Nitpick: SBCL ships with an interpreter, but yes, it is turned off by default
in favor of the native code compiler. See
[http://www.sbcl.org/manual/#Interpreter](http://www.sbcl.org/manual/#Interpreter)
for details.

------
ascotan
I'm no expert here but it seems like porting a duck-typed languages like
python to webassembly is hard feat.

Arbitrary evaluation of source code at runtime, seems to me, exactly like the
type of thing webassembly wants prevent. This limits a lot of the flexibility
of a language like python (repl, eval, etc)

I feel like CPython isn't so much the problem as third party libraries that
people have come to rely on that, under the hood, rely on architecture
dependent code (numpy, scipy, psycopg, etc, etc). I would imaging that porting
these is impossible.

I think a repl is fundamental to python more than any other language. I
wouldn't say that about something else, but python, yes.

------
moonchild
While juggling ideas for a web replacement a while back, I came across
python2wasm[1], part of the pure python compiler infrastructure.

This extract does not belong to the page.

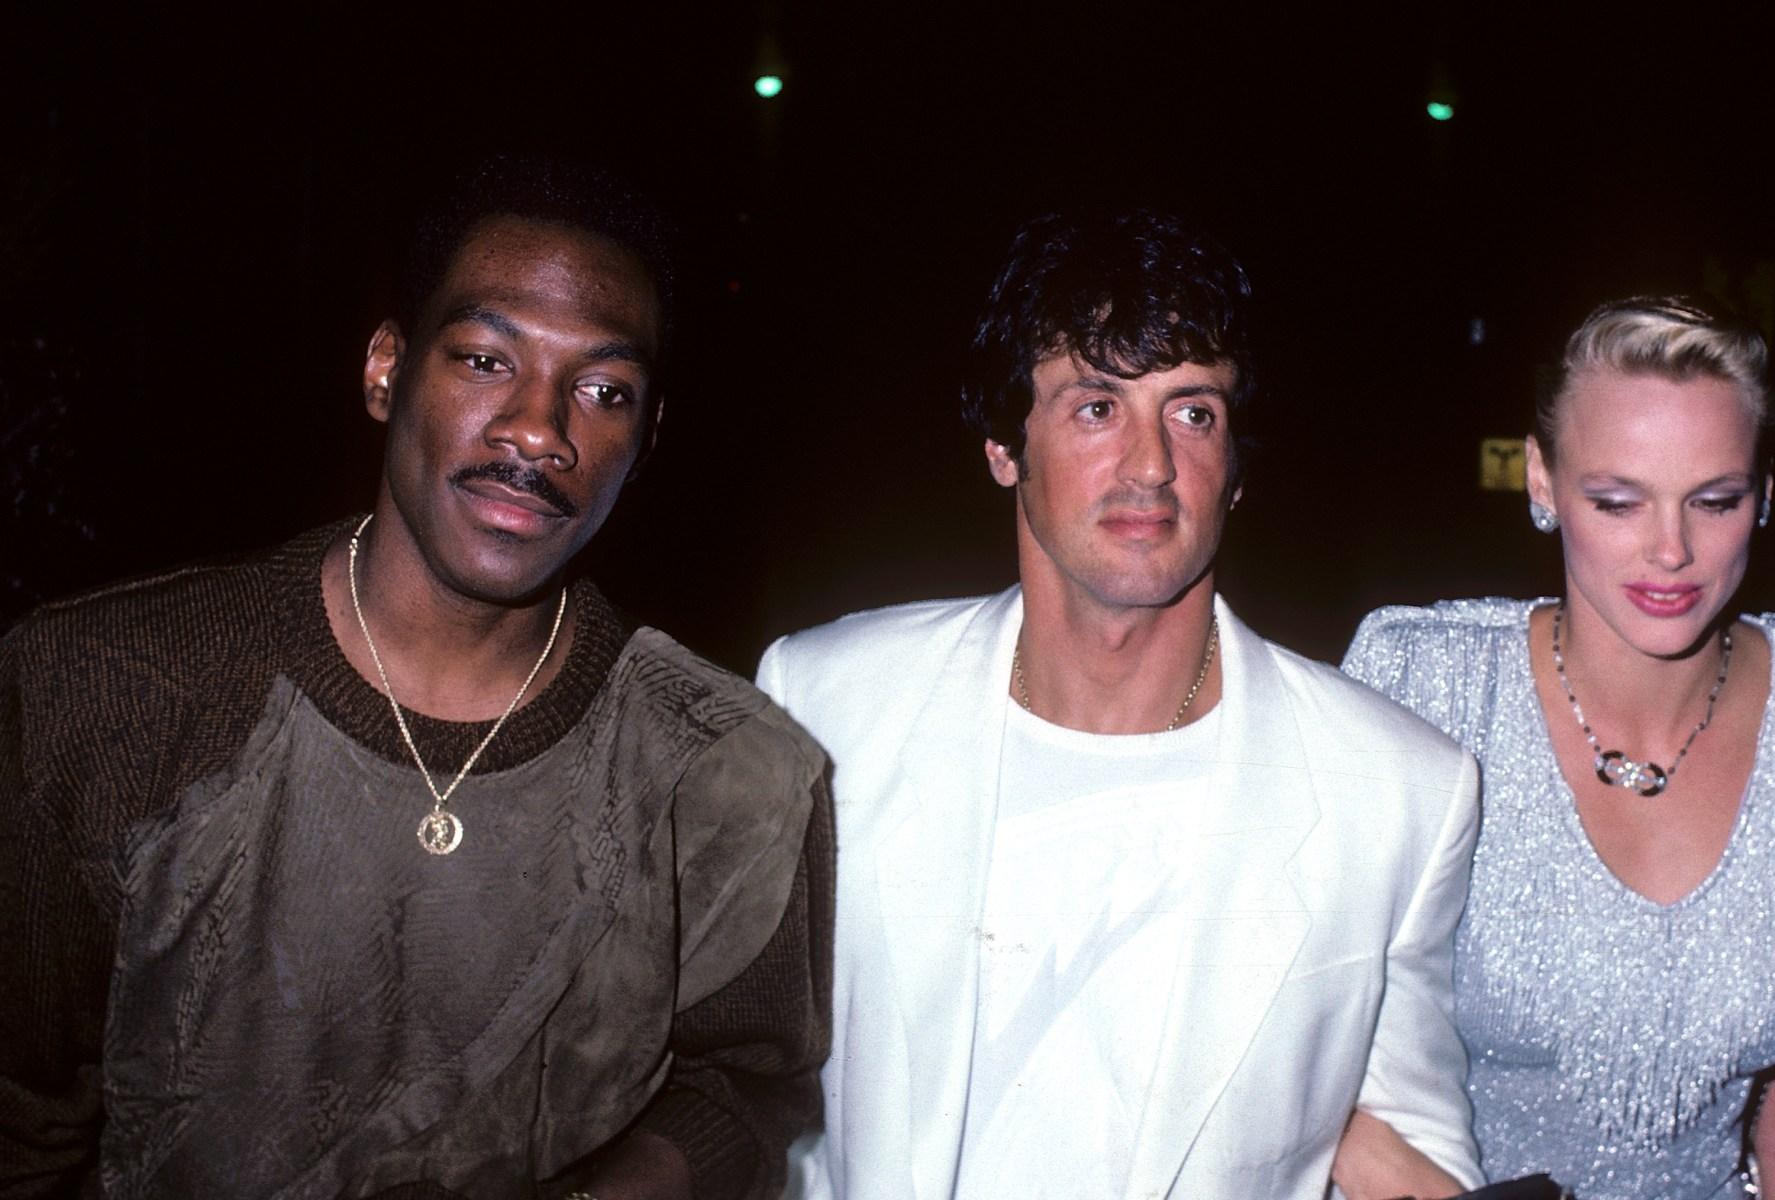 Eddie Murphy, Sylvester Stallone and Brigitte Nielsen in 1986
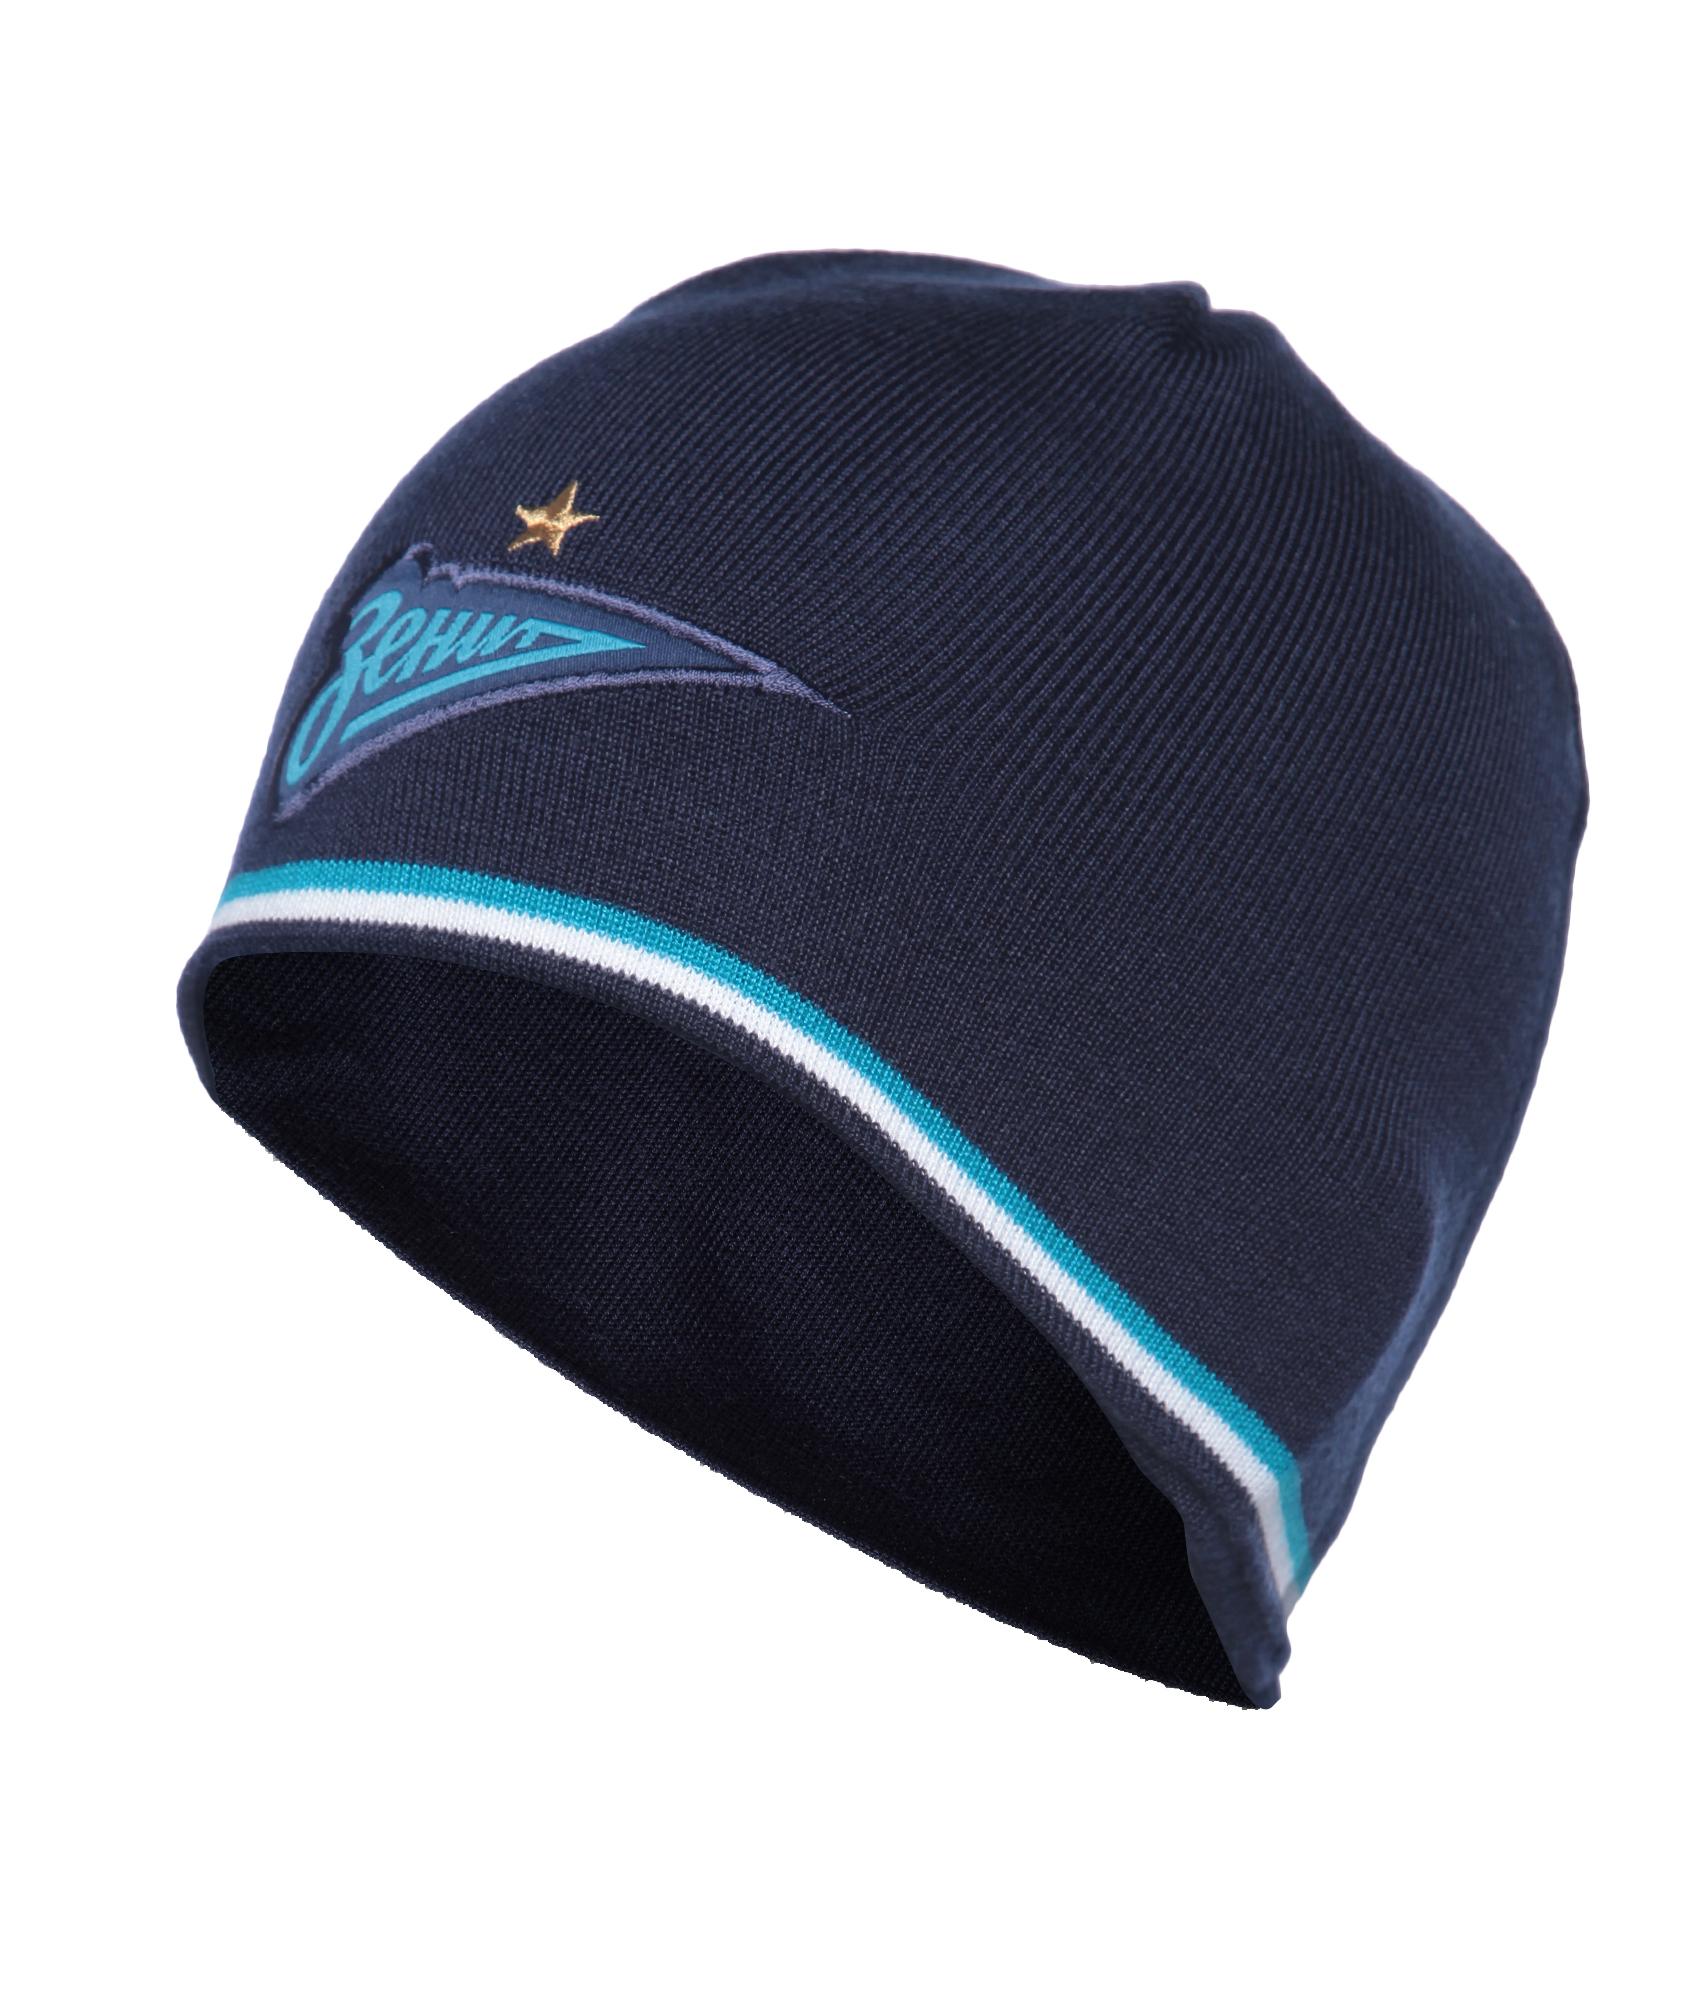 Шапка Зенит Цвет-Темно-Синий шапка мужская зенит

Not complete,
but interesting and well worth taking a look at.

1\.
[https://bitbucket.org/windel/ppci/src/default/ppci/lang/pyth...](https://bitbucket.org/windel/ppci/src/default/ppci/lang/python/python2wasm.py)

------
robterrell
Boo is a Python-like language for .NET that took a swing at answering this
question:

[https://boo-language.github.io](https://boo-language.github.io)

Boo's answer is "just syntax" \-- libraries are .NET assemblies.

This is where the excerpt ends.